We are given that the total investment is $63,000, so we can set up the equation:
x + y + z = 63000 (equation 1)
We are also given that the interest from the investment is $4950, so we can set up the equation:
0.08x + 0.06y + 0.09z = 4950 (equation 2)
Furthermore, we know that the interest from the investment is 4 times the interest from the second part. Therefore, we can set up the equation:
0.08x = 4 * 0.06y (equation 3)
Now, we have a system of three equations (equations 1, 2, and 3) that we can solve to find x, y, and z.
Let's solve the system of equations:
From equation 3, we can rewrite it as:
0.08x = 0.24y
Simplifying the equation, we get:
x = 3y (equation 4)
Now we can substitute equation 4 into equations 1 and 2:
Substituting x = 3y into equation 1, we get:
3y + y + z = 63000
4y + z = 63000 (equation 5)
Substituting x = 3y into equation 2, we get:
0.08(3y) + 0.06y + 0.09z = 4950
0.24y + 0.06y + 0.09z = 4950
0.30y + 0.09z = 4950 (equation 6)
Now we have two equations (equations 5 and 6) with two unknowns (y and z) that we can solve.

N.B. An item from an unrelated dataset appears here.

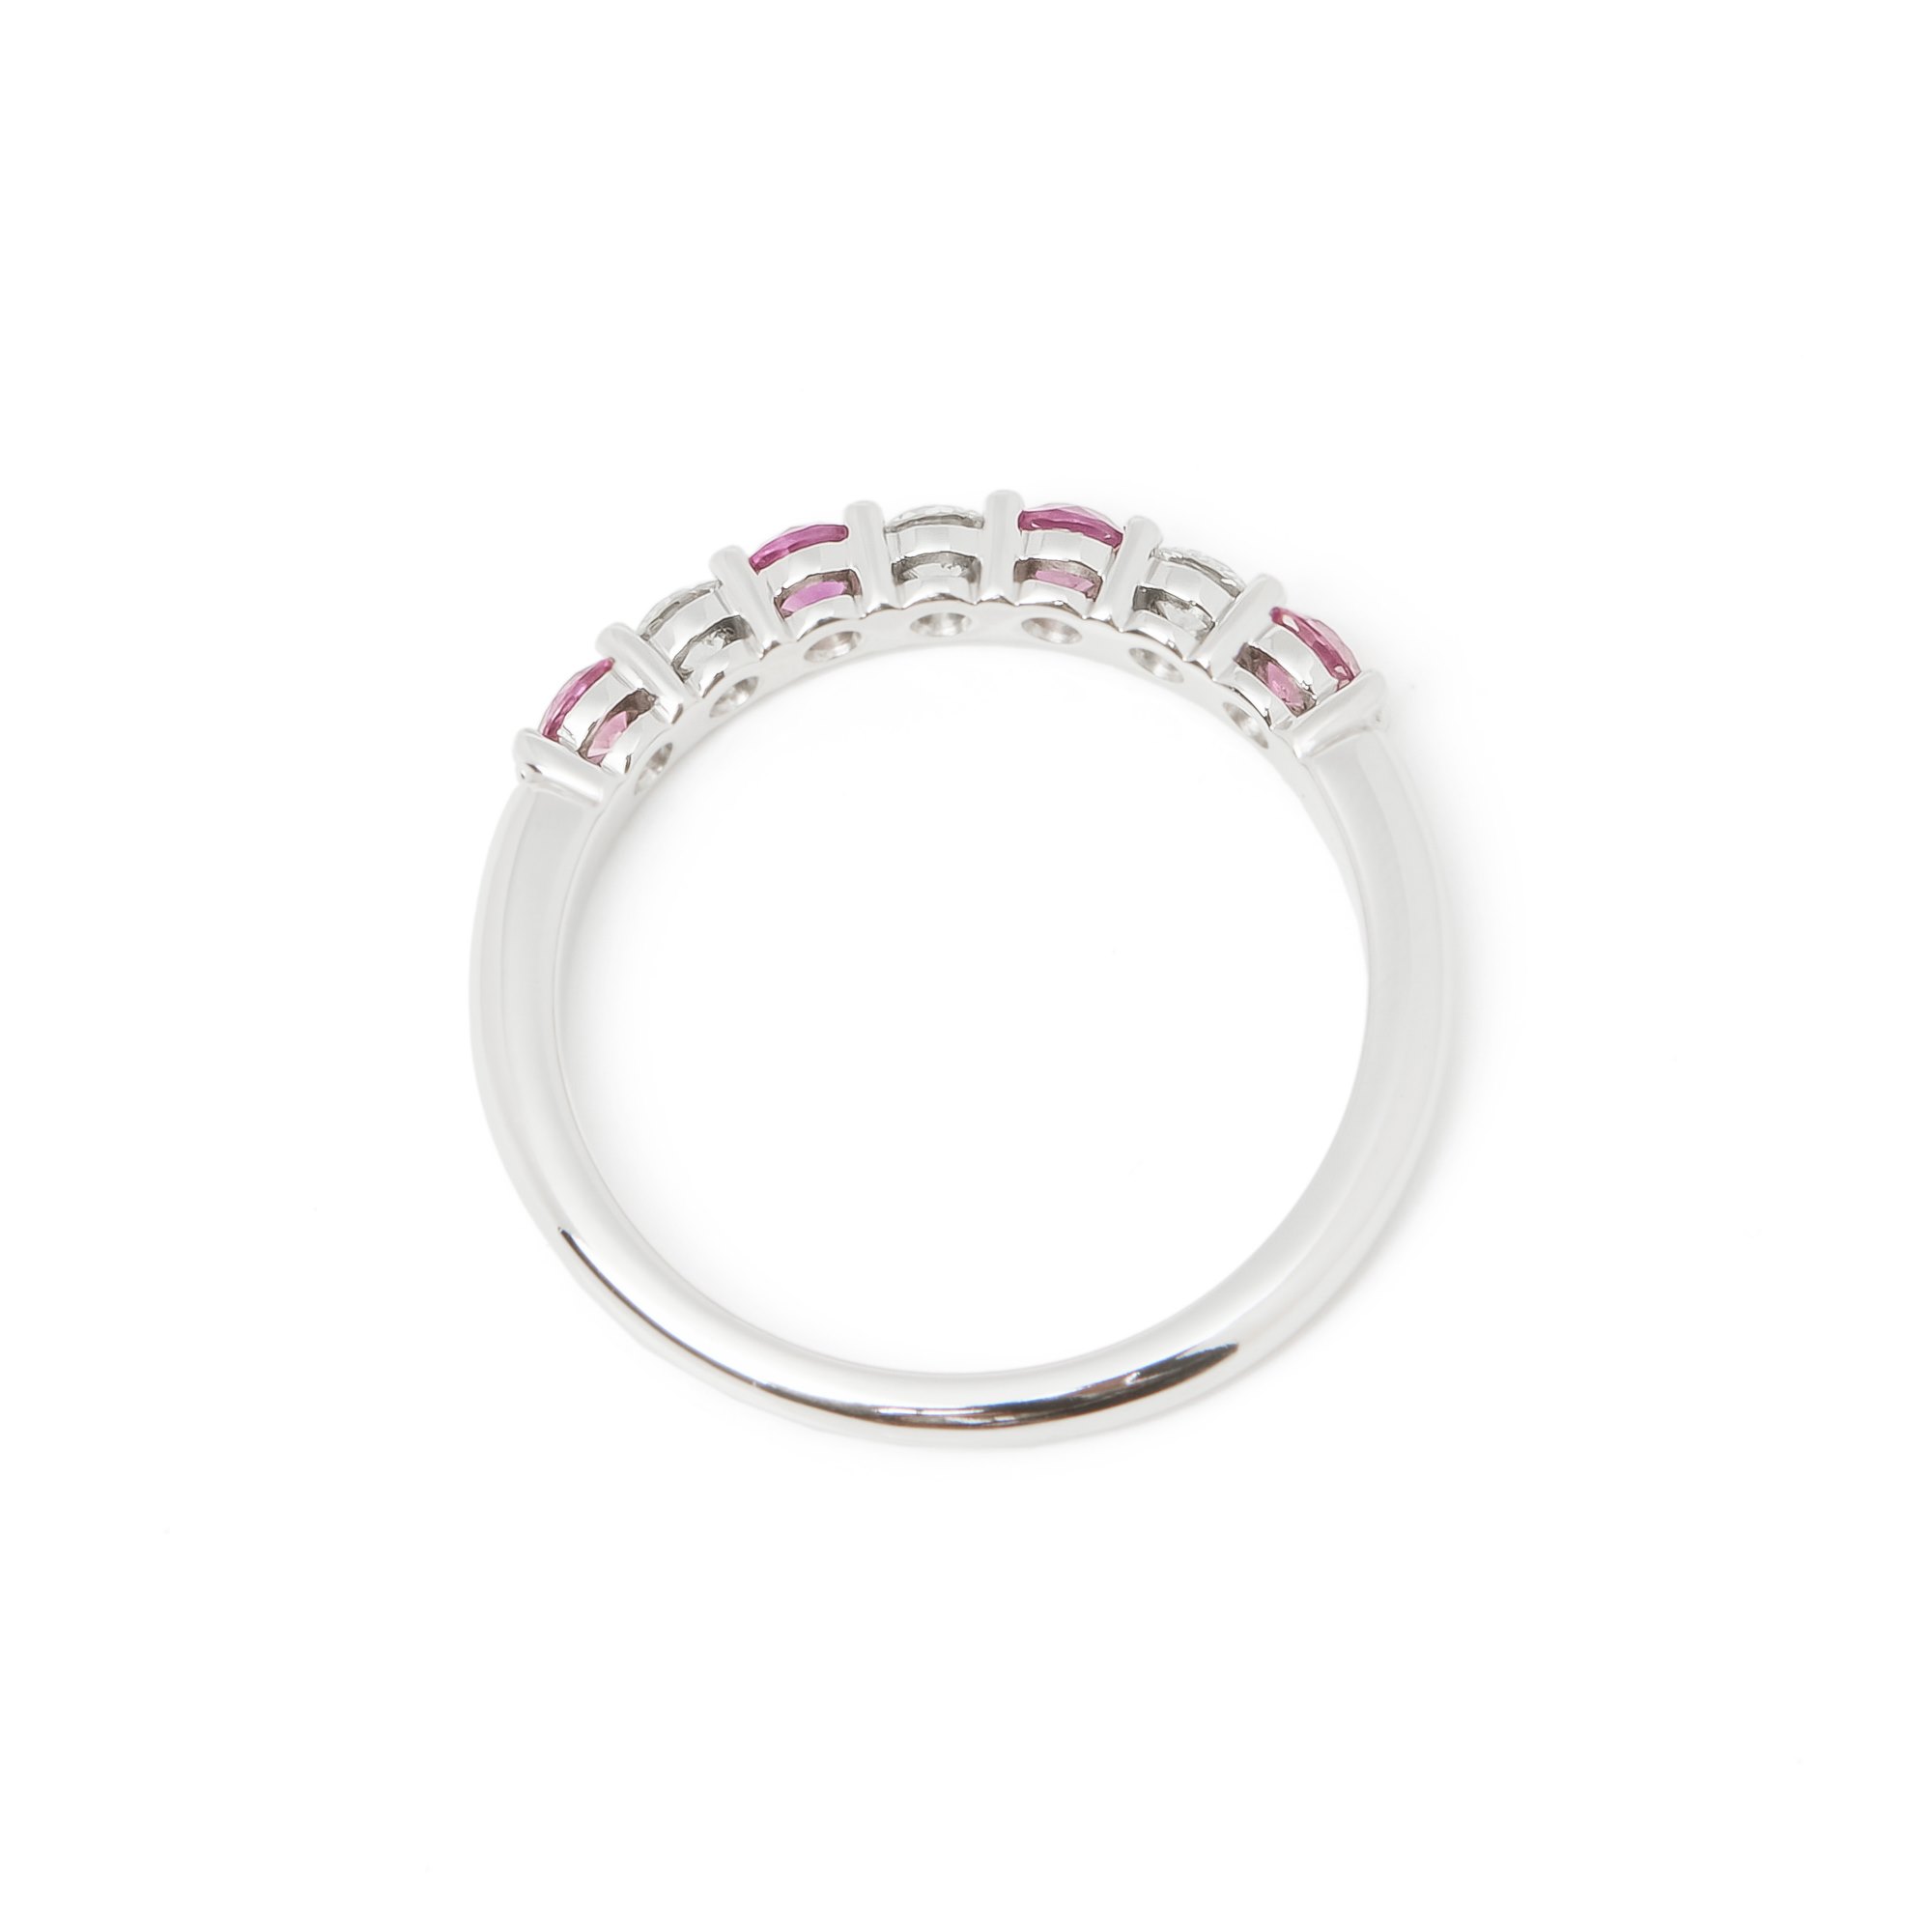 Tiffany & Co. Embrace Pink Sapphire and Diamond Eternity RIng

From equation 5, we can solve for z:
z = 63000 - 4y (equation 7)
Substituting equation 7 into equation 6, we get:
0.30y + 0.09(63000 - 4y) = 4950
0.30y + 5670 - 0.36y = 4950
-0.06y = -720
y = -720 / -0.06
y = 12000
Now we can substitute the value of y back into equation 7 to solve for z:
z = 63000 - 4(12000)
z = 63000 - 48000
z = 15000
Finally, we can substitute the values of y and z into equation 4 to solve for x:
x = 3(12000)
x = 36000
Therefore, the amounts of the three parts of the investment are $36,000 for the first part, $12,000 for the second part, and $15,000 for the third part.